Portiere: Lukasz Fabianski (Polonia)

L’Europeo è iniziato male per i portieri ma nel corso della competizione solo l’Islandese Halldórsson è parso inadeguato al contesto. Tra quelli che hanno contribuito ad alzare il livello del ruolo c’è Fabianski. Dalla seconda partita contro la Germania (in cui ha parato tutti e tre i tiri nello specchio tedeschi) ha dovuto abbandonare l’Europeo solo ai rigori contro il Portogallo, con appena 2 gol subiti in tutto il torneo, nonostante una difesa che lasciava passare 17 tiri a partita. Con 3.75 parate in media nei novanta minuti, e soprattutto la gara da 7 parate contro la Svizzera agli ottavi, anche a livello statistico arriva la conferma di un torneo superlativo in cui a segnargli sono stati solo Renato Sanches, con una cannonata deviata, e Shaqiri con la rovesciata diventata uno tra i gol più belli dell’Europeo. Fabianski è stata anche la principale fonte per i rifornimenti a Lewandowski, diventando il giocatore con più lanci riusciti ogni novanta minuti (14). In questo Europeo povero di strategia anche questi dettagli non sono da sottovalutare.

Terzino destro: Darijo Srna (Croazia)

Difficile trovare un solo difetto all’Europeo di Srna, a parte il fatto che a 34 anni sarà probabilmente l’ultimo torneo di uno dei migliori terzini degli ultimi dieci anni. Srna è stato perfetto nella storica vittoria con la Spagna (dopo un esordio da ricordare con la Turchia) e probabilmente il migliore in campo dei suoi nella sconfitta agli ottavi con il Portogallo, dove ha provato in tutti i modi a mandare in rete i compagni (6 passaggi chiave). La Croazia ha attaccato prevalentemente da destra (42% delle azioni offensive) dove Srna si è rivelato uno dei pochi terzini in grado di aiutare sia la costruzione della manovra che di arrivare sul fondo (con 4.3 cross a partita è quello che ha crossato di più in tutto l’Europeo). Ovviamente senza far mancare la solita attenzione e dedizione senza palla (4 contrasti a partita). Srna ci ha anche lasciato una delle immagini che ci porteremo dietro più a lungo di questo Europeo, il pianto per il lutto del padre durante l’inno, perché il calcio è fatto di uomini e di uomini come Srna ce ne sono troppo pochi.

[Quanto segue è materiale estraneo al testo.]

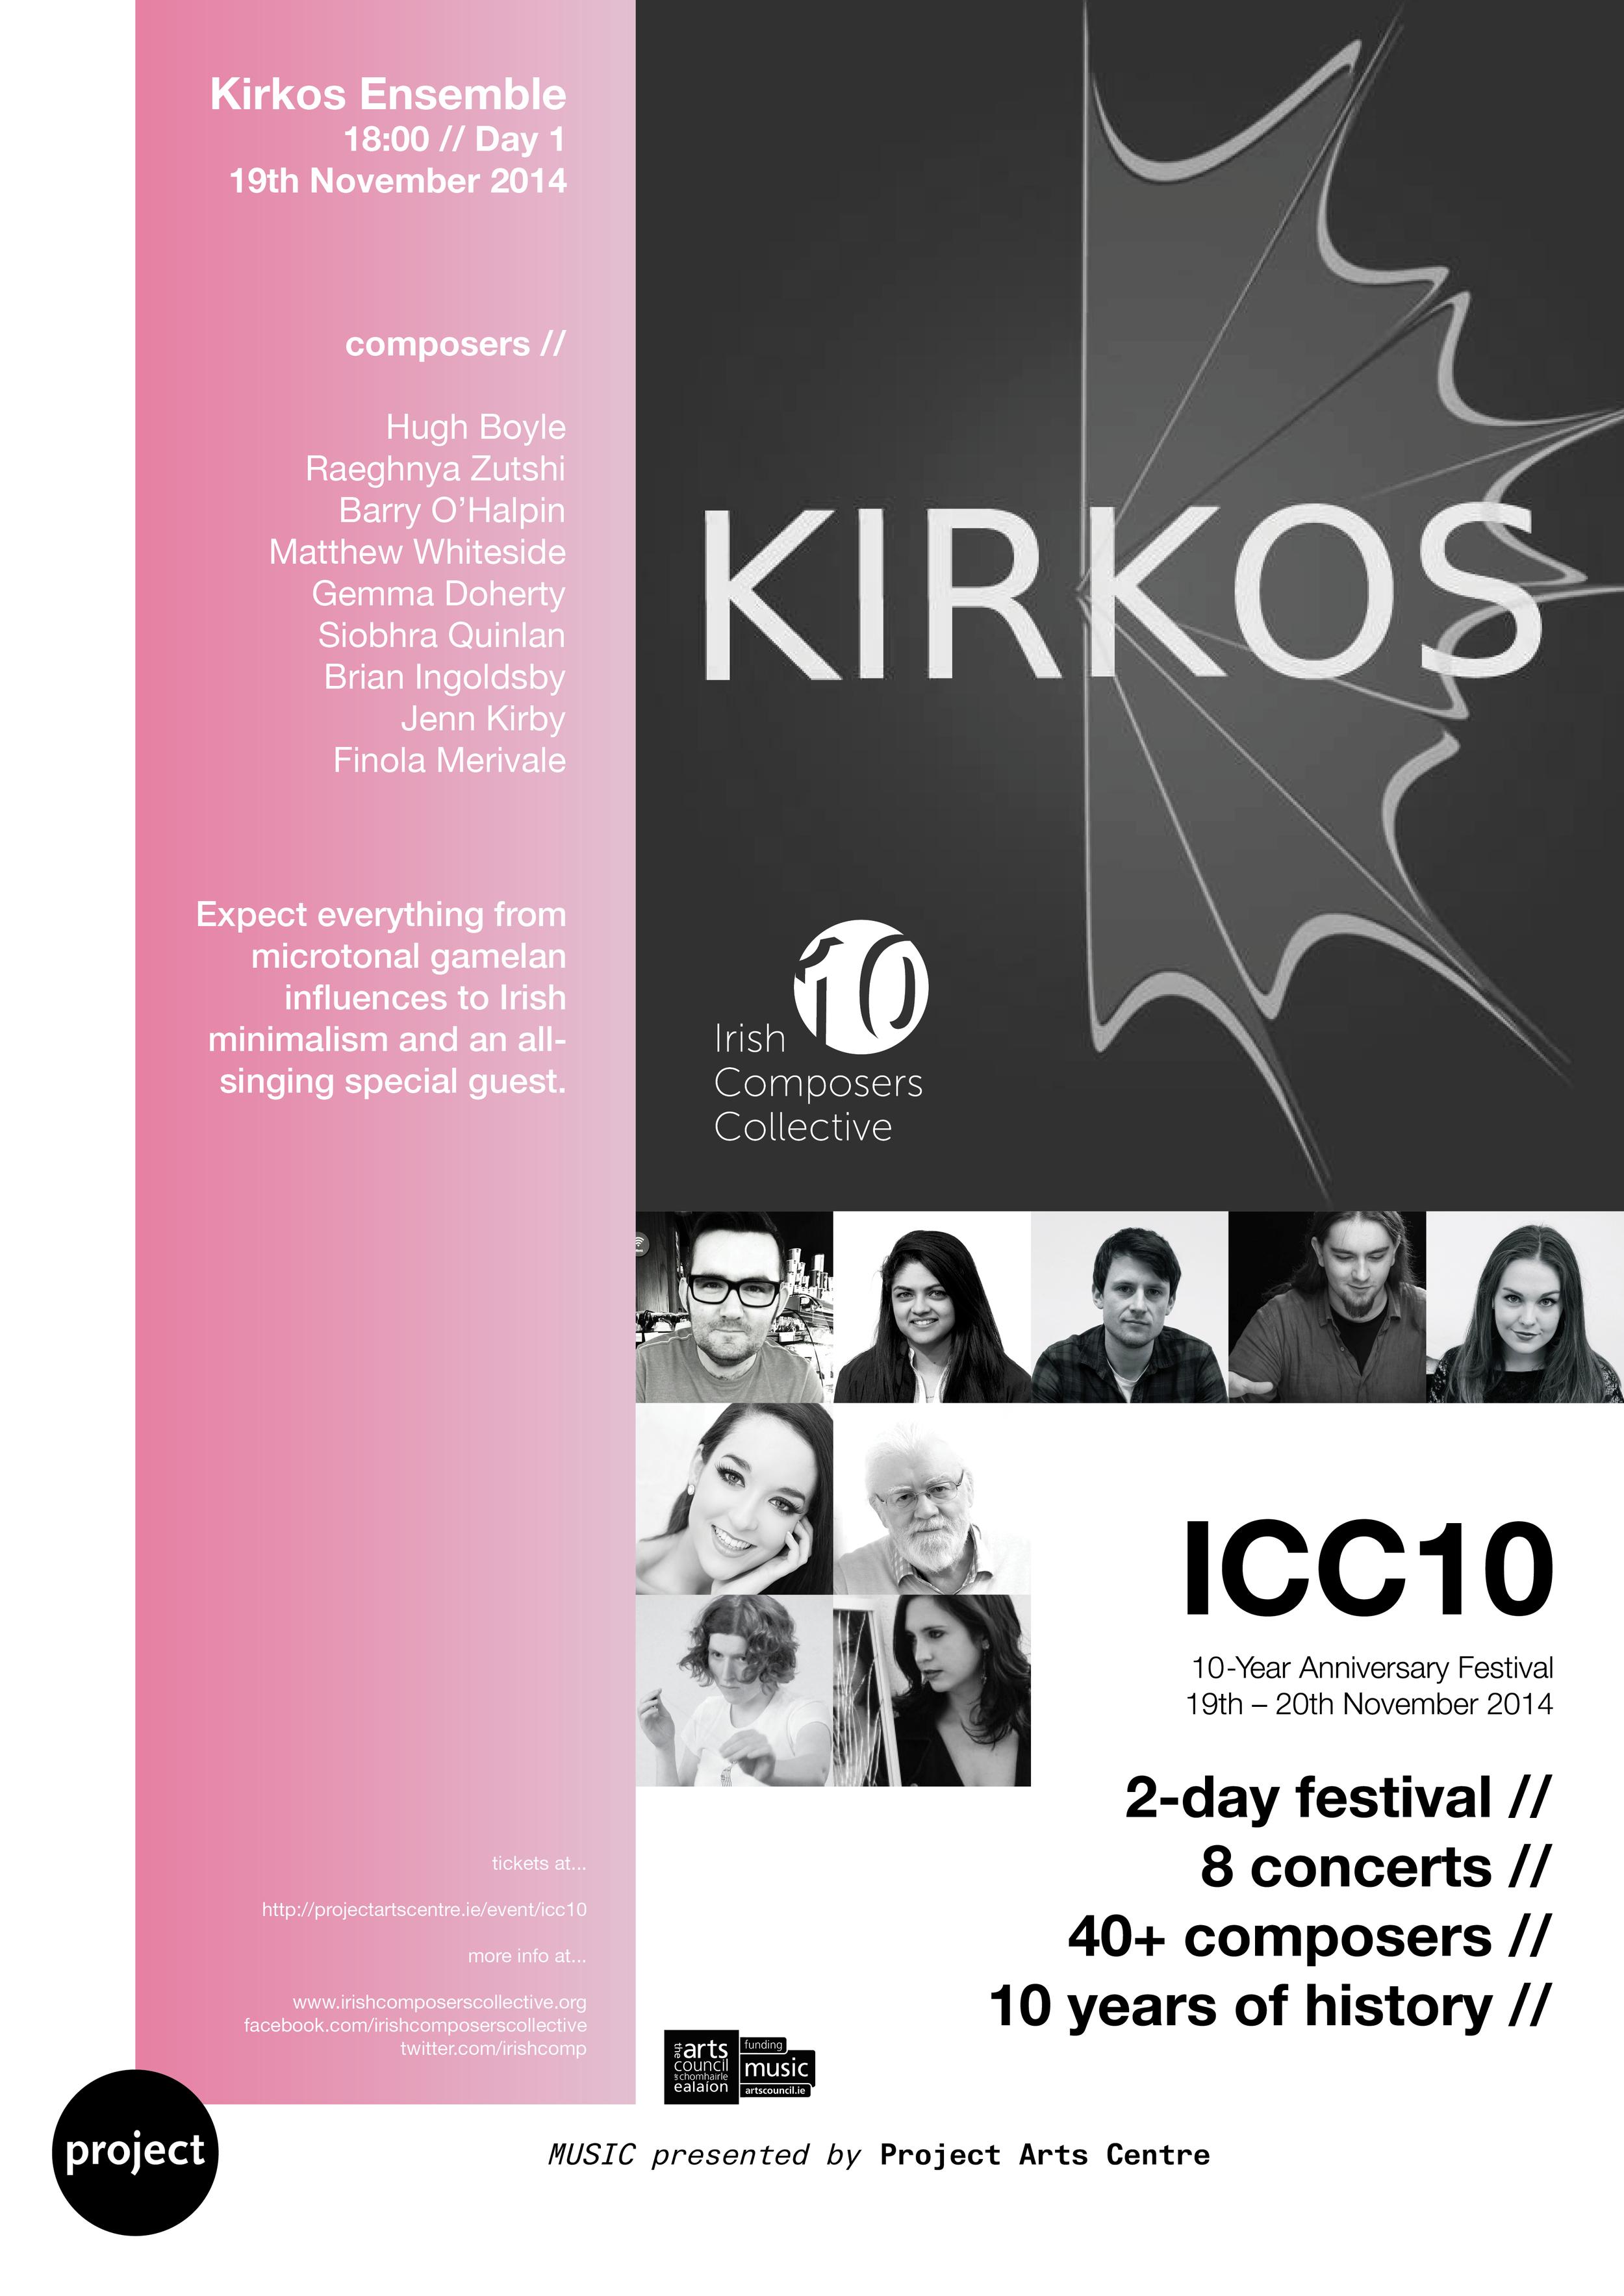 icc10 a3 poster_Kirkos.png

Centrale destro: Pepe (Portogallo)

Il Portogallo ha vinto l’Europeo intasando le zone centrali e provando innanzitutto a non subire tiri in area di rigore. Pepe in questo contesto è stato fondamentale per la strategia di Santos.

Arrivato al torneo dopo un grandissimo finale di stagione, dove si è prima ripreso il posto da titolare da Varane ed ha poi aiutato il Real Madrid a vincere la Champions League, ha guidato il reparto arretrato del Portogallo, prendendolo per mano e portandolo fuori anche dalle situazioni più complicate. Ogni giocatore che ha provato a stazionare nella sua zona di competenza si è trovato davanti un giocatore perfetto nelle letture: forte negli anticipi (3 intercetti a partita) e insuperabile di testa (4 duelli aerei vinti). Nei quarti contro la Polonia Pepe ha espresso una delle prestazioni individuali migliori di tutto il torneo, mettendo insieme 7 duelli aerei vinti e 6 intercetti.

Centrale sinistro: Leonardo Bonucci (Italia)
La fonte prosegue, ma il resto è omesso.